== Segment start ==

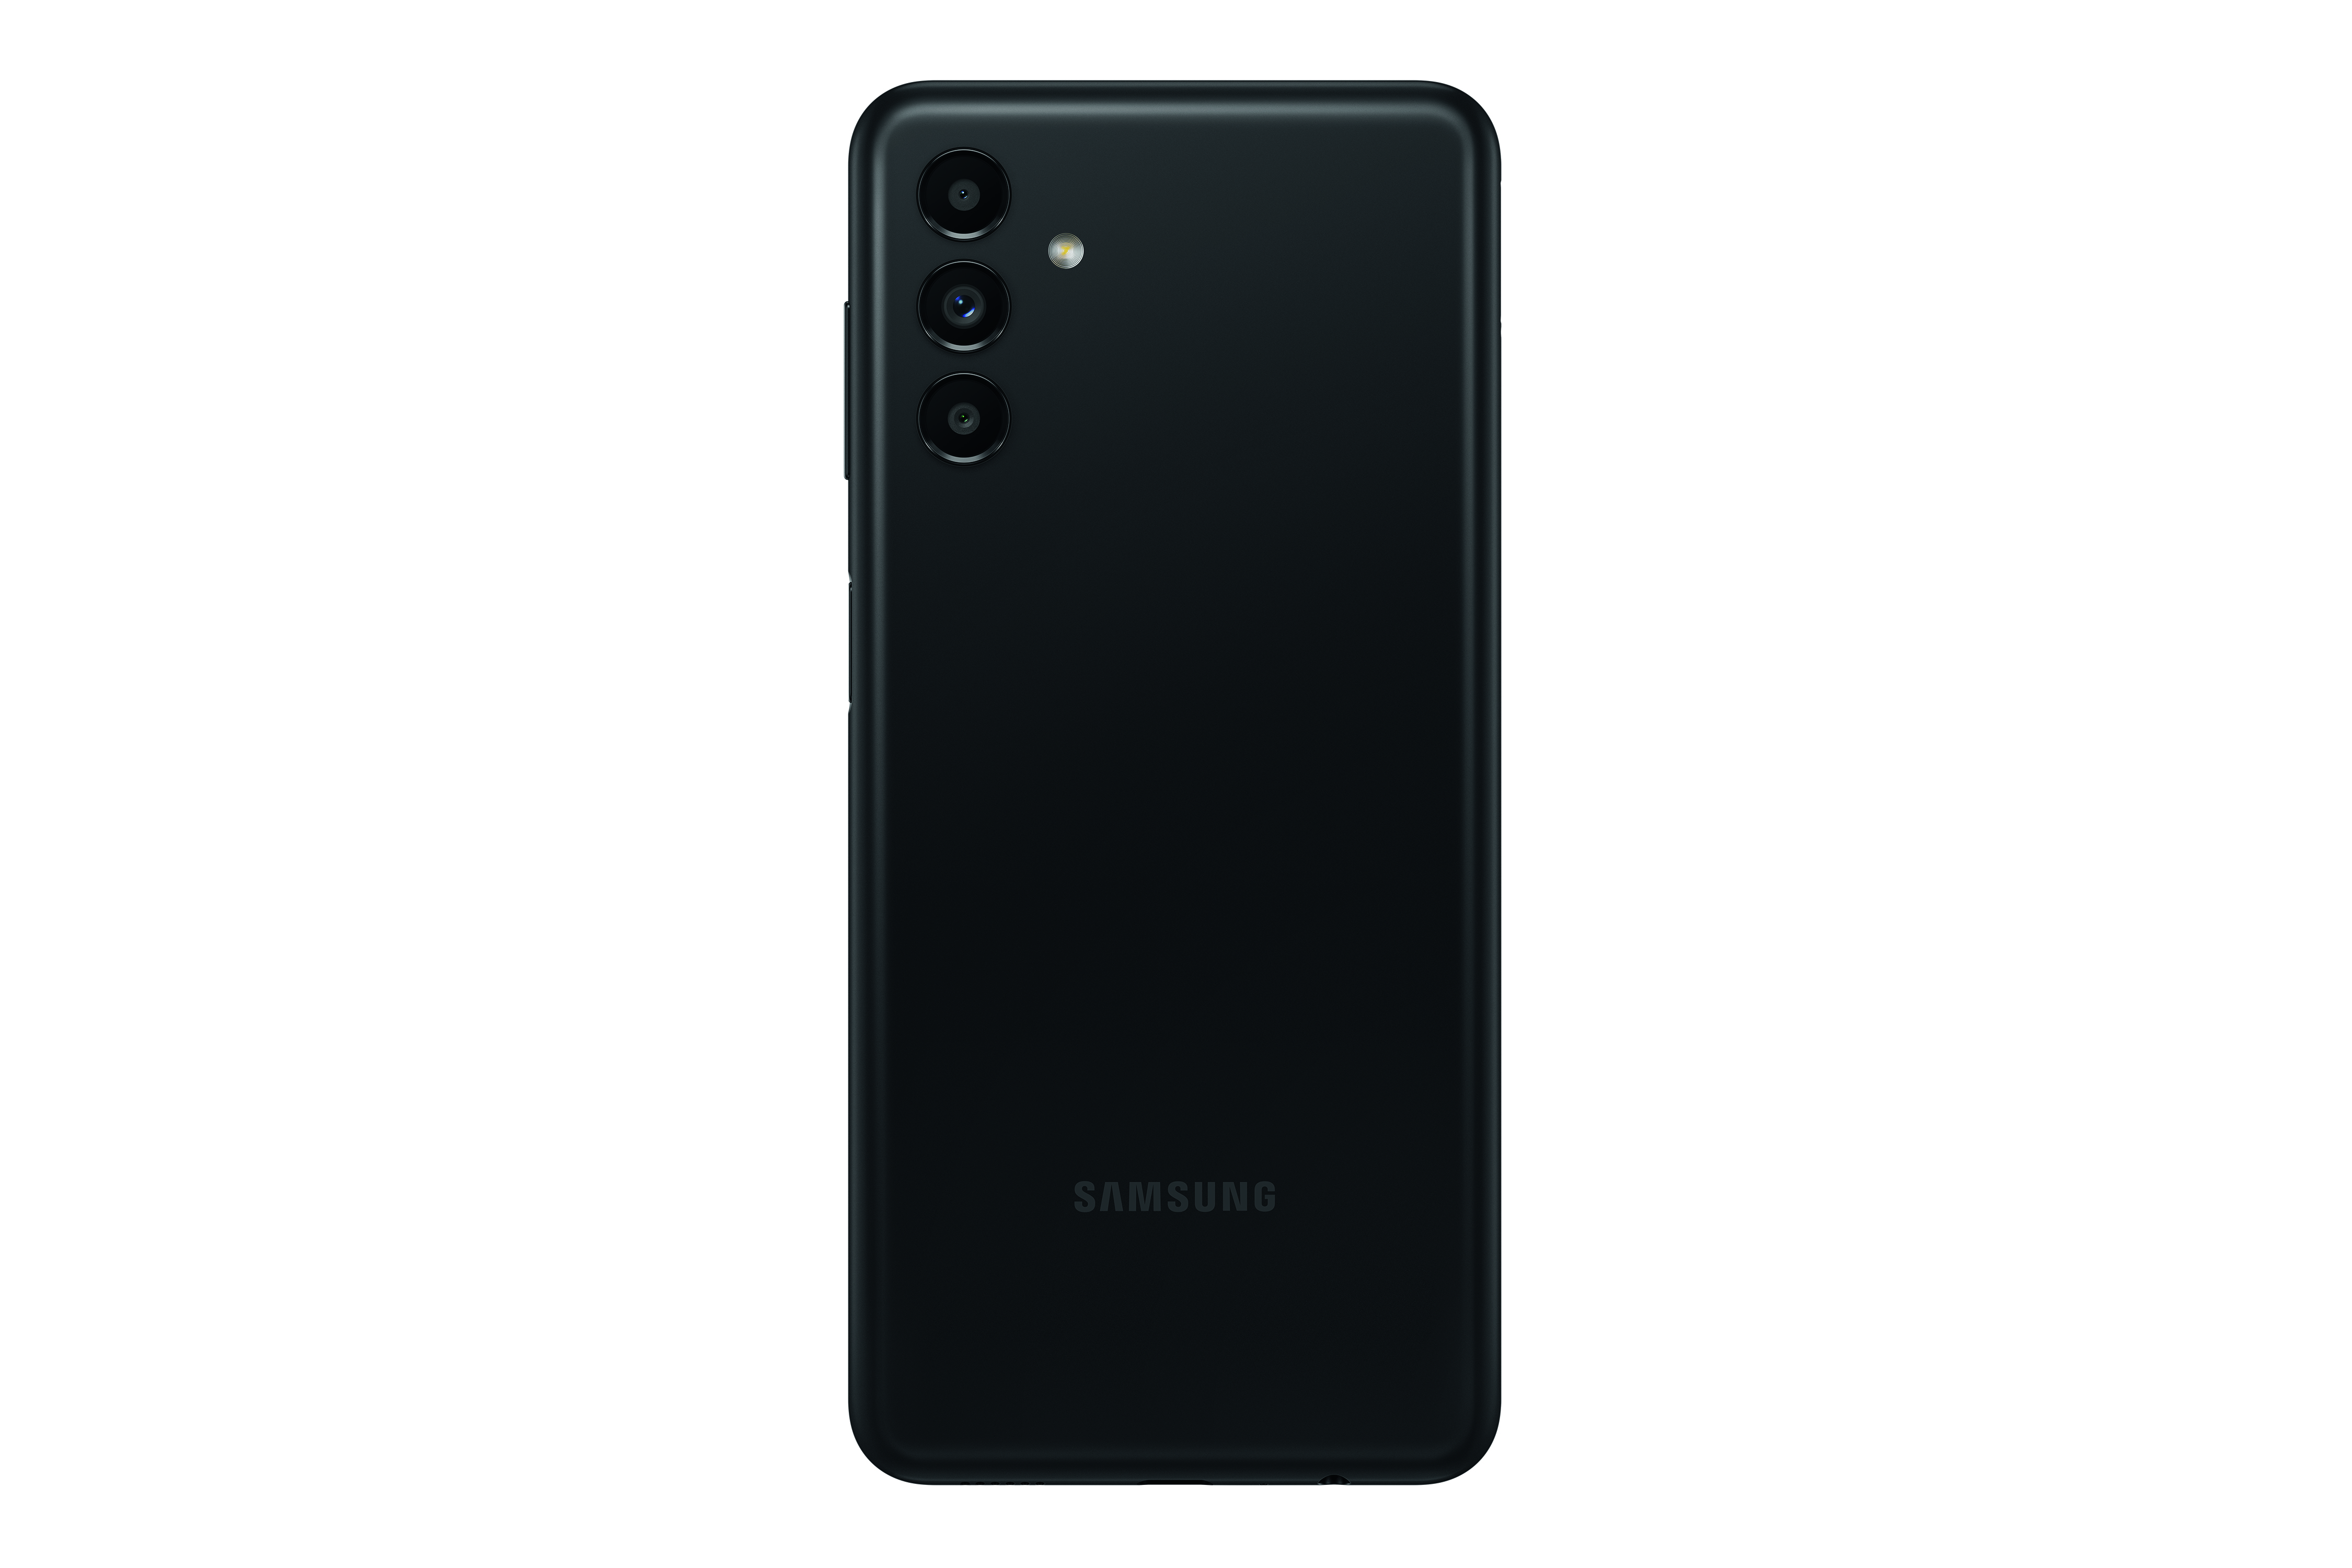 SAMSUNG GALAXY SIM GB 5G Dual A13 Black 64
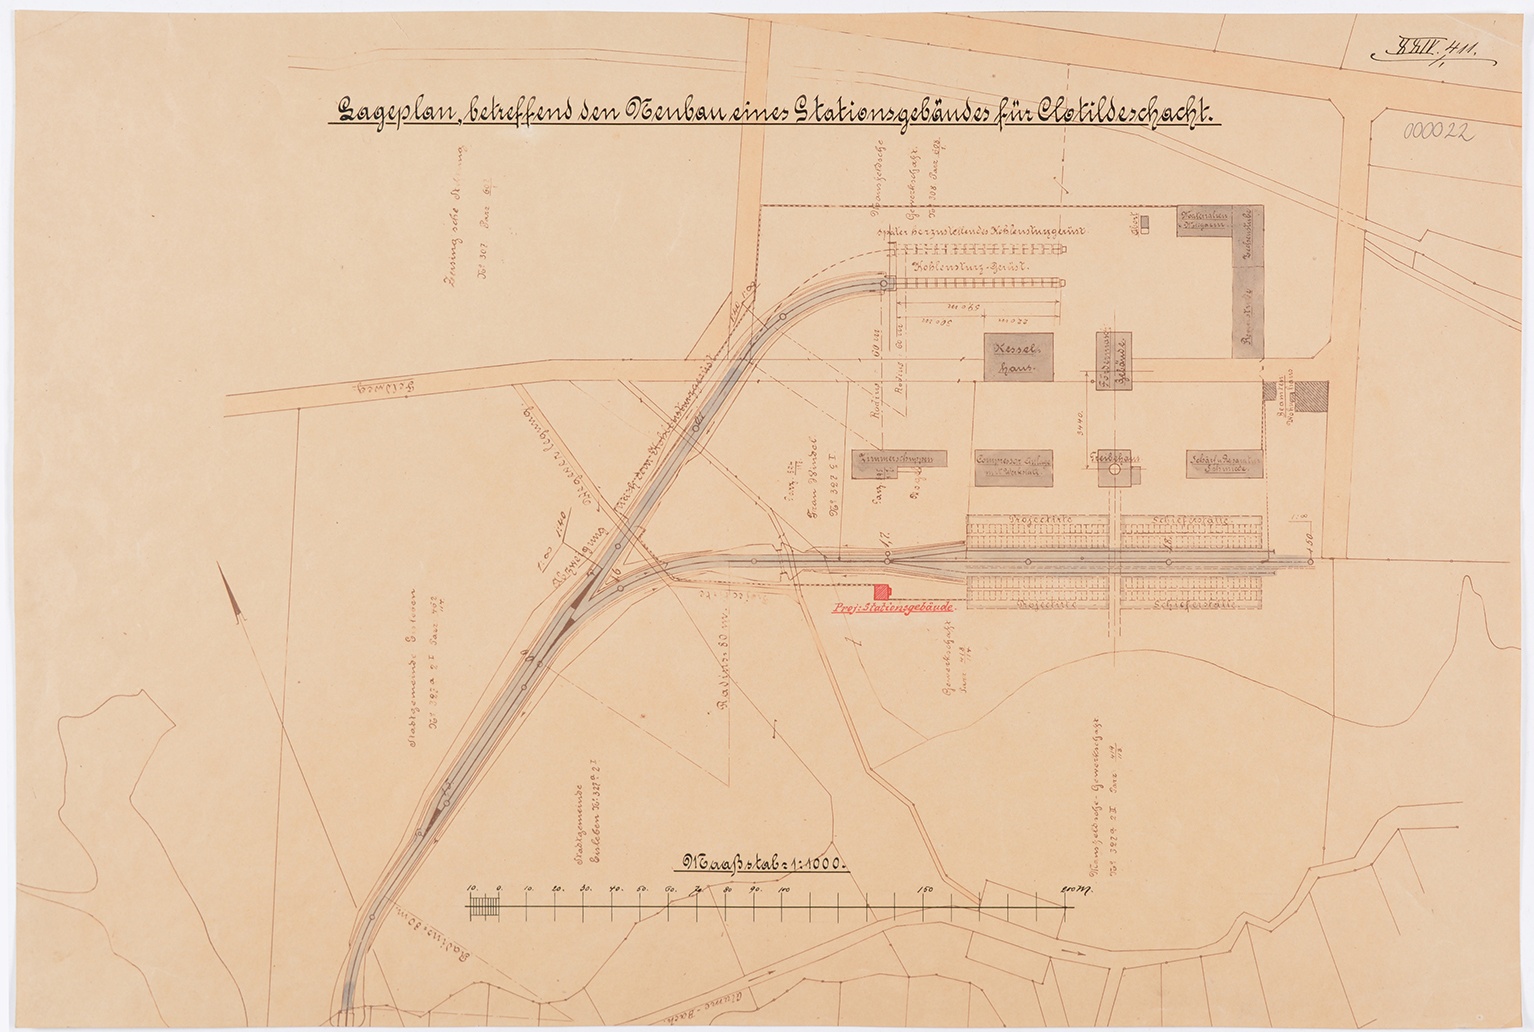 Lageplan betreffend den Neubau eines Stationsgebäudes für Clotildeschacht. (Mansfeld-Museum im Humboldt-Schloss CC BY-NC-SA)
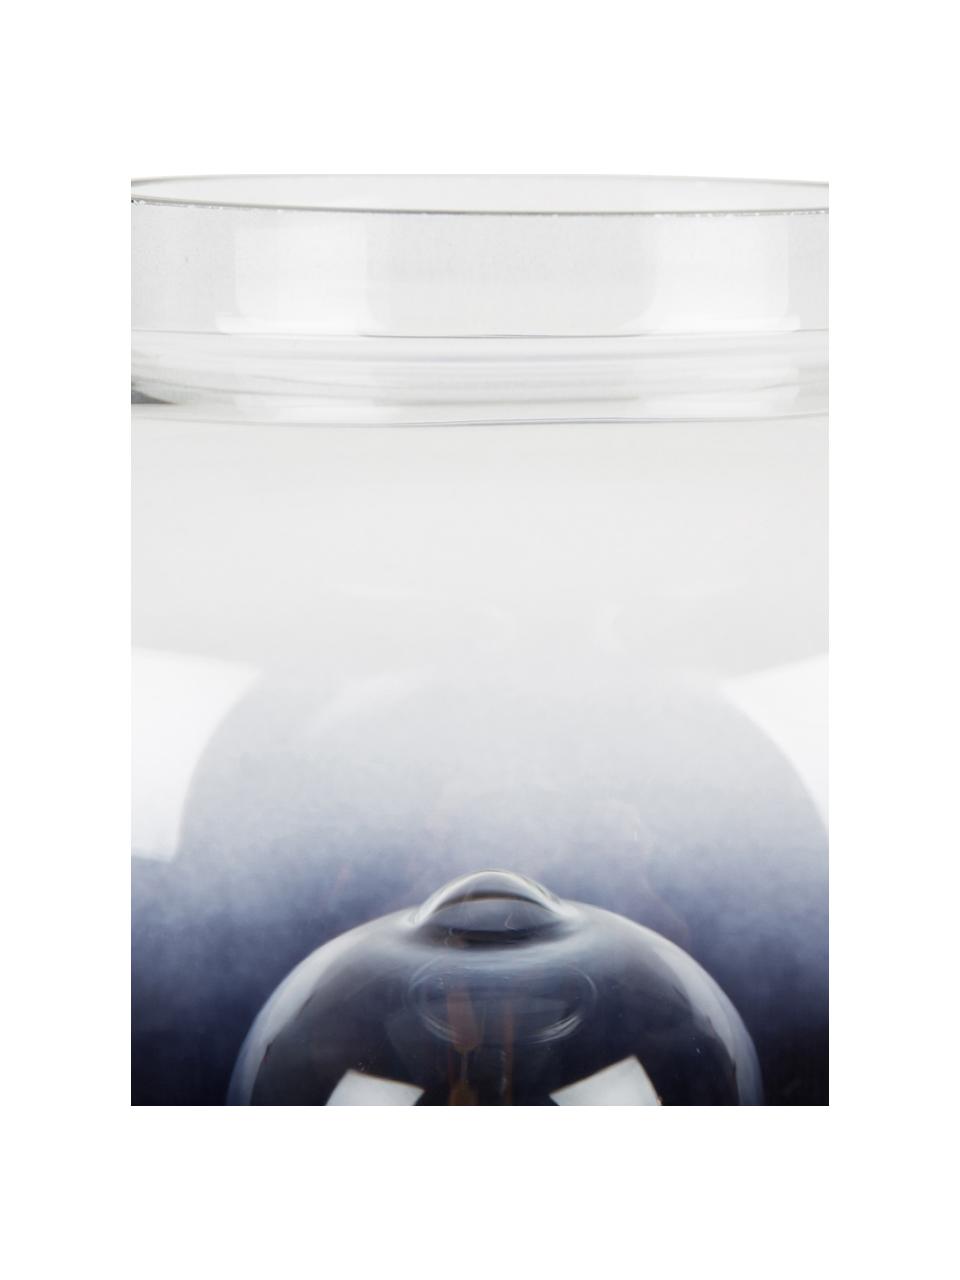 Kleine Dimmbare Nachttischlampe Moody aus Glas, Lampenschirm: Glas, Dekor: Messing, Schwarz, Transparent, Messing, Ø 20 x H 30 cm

== Segment end ==

_TASK DETAILS:_
From the first line to the last, return the material above exactly, apart from the pictures.

_TASK OUTPUT:_
 SAMSUNG GALAXY SIM GB 5G Dual A13 Black 64
 Lageplan betreffend den Neubau eines Stationsgebäudes für Clotildeschacht. (Mansfeld-Museum im Humboldt-Schloss CC BY-NC-SA)
 Kleine Dimmbare Nachttischlampe Moody aus Glas, Lampenschirm: Glas, Dekor: Messing, Schwarz, Transparent, Messing, Ø 20 x H 30 cm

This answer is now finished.